My ex-spouse passed away about a week ago. We have 2 adult children. Been apart about 20 years, both remarried. At the funeral I felt totally gutted. I started thinking I made very bad decisions all those years ago, and ruined my family. My oldest son left about 15 years ago. We know he is alive but not where he is, and we have had no contact with him. I feel it is all my fault. I destroyed the family because I was unhappy.
Death and bereavement can jolt us into reassessing our lives. While you may have made poor choices in the past, there is no point in being self-critical now. Are there any lessons that you have learned from past mistakes? If yes, use these to change how you think now. If you feel that you destroyed your family back then, ask yourself what can you do now to rectify things? What are your current values? Stay conscious and mindful of your values – these are the rules according to which you need to live by. Responsibilities are tied to your values so ask yourself, what do you need to do now to help your family? If this means tracking down your son and making amends, then can you do this?
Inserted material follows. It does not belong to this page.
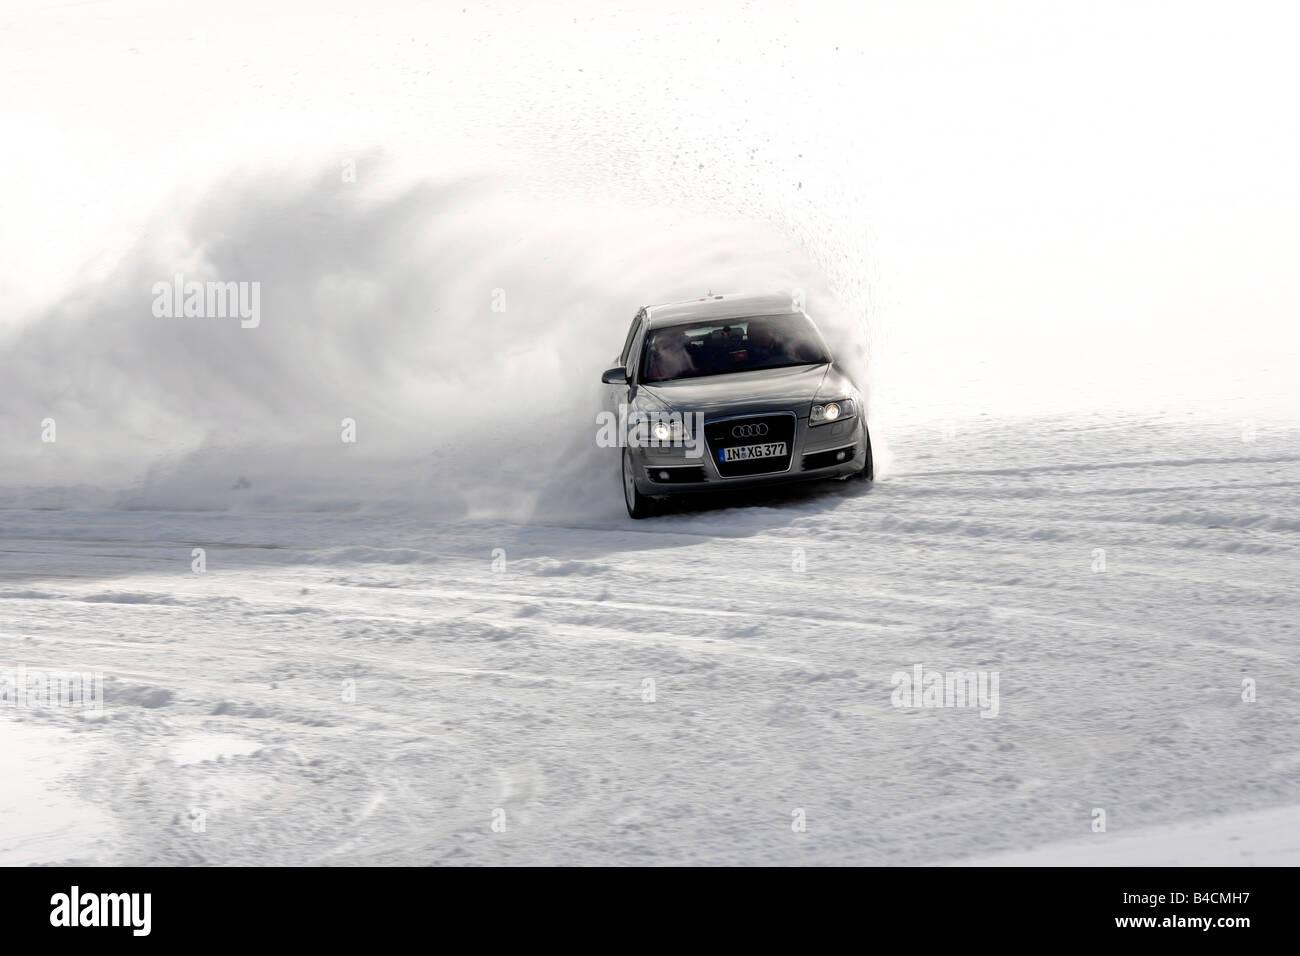 Audi A6 Avant 32 Fsi Quattro Model Year 2005 Silver Driving

Don’t look back on your life with regret. If you were unhappy in the past, then you acted the way you did for reasons which made sense then. Stay self-compassionate; part of self-compassion is acknowledging our mistakes and using them to change ourselves. And be forgiving – this means letting go of self-blame and giving yourself permission to move forward positively. You can change a bad situation into a good one by thinking differently about it. You can live the rest of your life, aligned with personal values that give meaning and purpose to your life. You can live in a deliberate way, choosing thoughts and actions which result in peace.